Juntos, esses resultados sugerem que altos níveis de supertalentos serão prejudiciais em arenas, ou quadras, que exijam esforços estratégicos, coordenados, uma vez que a busca pela luz dos holofotes, pelo destaque individual, pode superar o trabalho em equipe necessário para conquistar a vitória.

Essas lições se estendem além de uma quadra, ou de campo de bola para qualquer grupo ou empreendimento que precisa equilibrar esforços competitivos e colaborativos, incluindo aqui equipes corporativas, grupos de pesquisa financeiros, e exercícios de brainstorming, a troca de grandes ideias.

De fato, o impacto de um excesso de talento é óbvio até em outros animais. Quando galinheiros têm um excesso de galinhas dominantes, de alta produtividade, conflitos e taxa de mortalidade aumentam, enquanto a produção de ovos cai.

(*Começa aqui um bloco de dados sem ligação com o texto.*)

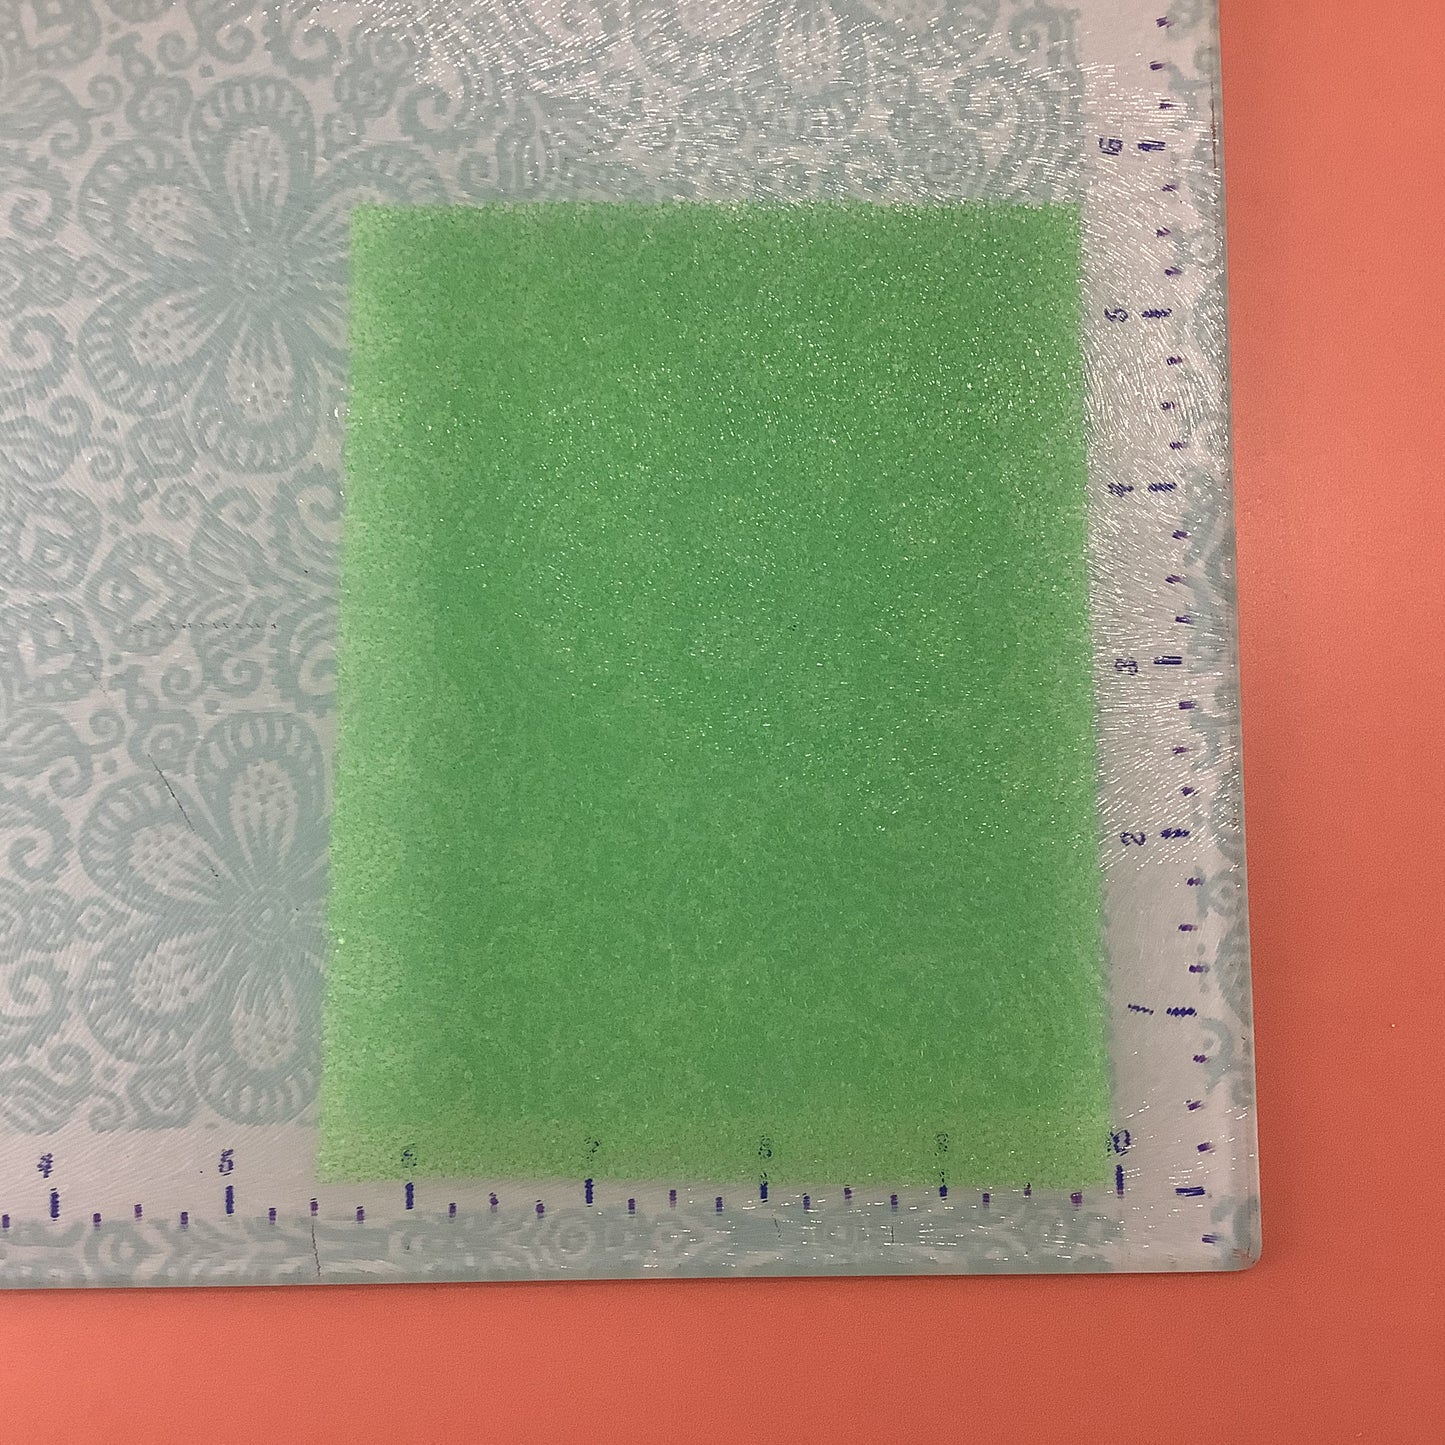 Green Sponge for polymer clay texture techniques

Portanto, antes de “quebrar a banca”, ou exaurir todos os recursos, para recrutar superastros, proprietários de times e equipes, e especialistas da indústria, talvez queiram considerar se o objetivo que estão tentando alcançar depende só de talento individual, ou de uma sinergia cooperativa da equipe.

Nesse último caso, seria prudente frear o talento e focar no trabalho em equipe.

Sobre a autora: Cindi May é professora de psicologia na College of Charleston. Ela explora mecanismos para aperfeiçoar a função cognitiva em estudantes universitários, adultos mais idosos e pessoas com deficiências intelectuais. Ela também é diretora de um projeto que tem uma verba TPSID [sigla, em inglês para Programas de Transição e Pós-Secundários para Estudantes com Deficiências Intelectuais] do Departamento de Educação, que promove a inclusão de alunos com deficiências intelectuais em educação de nível superior.

Publicado em Scientific American em 14 de outubro de 2014.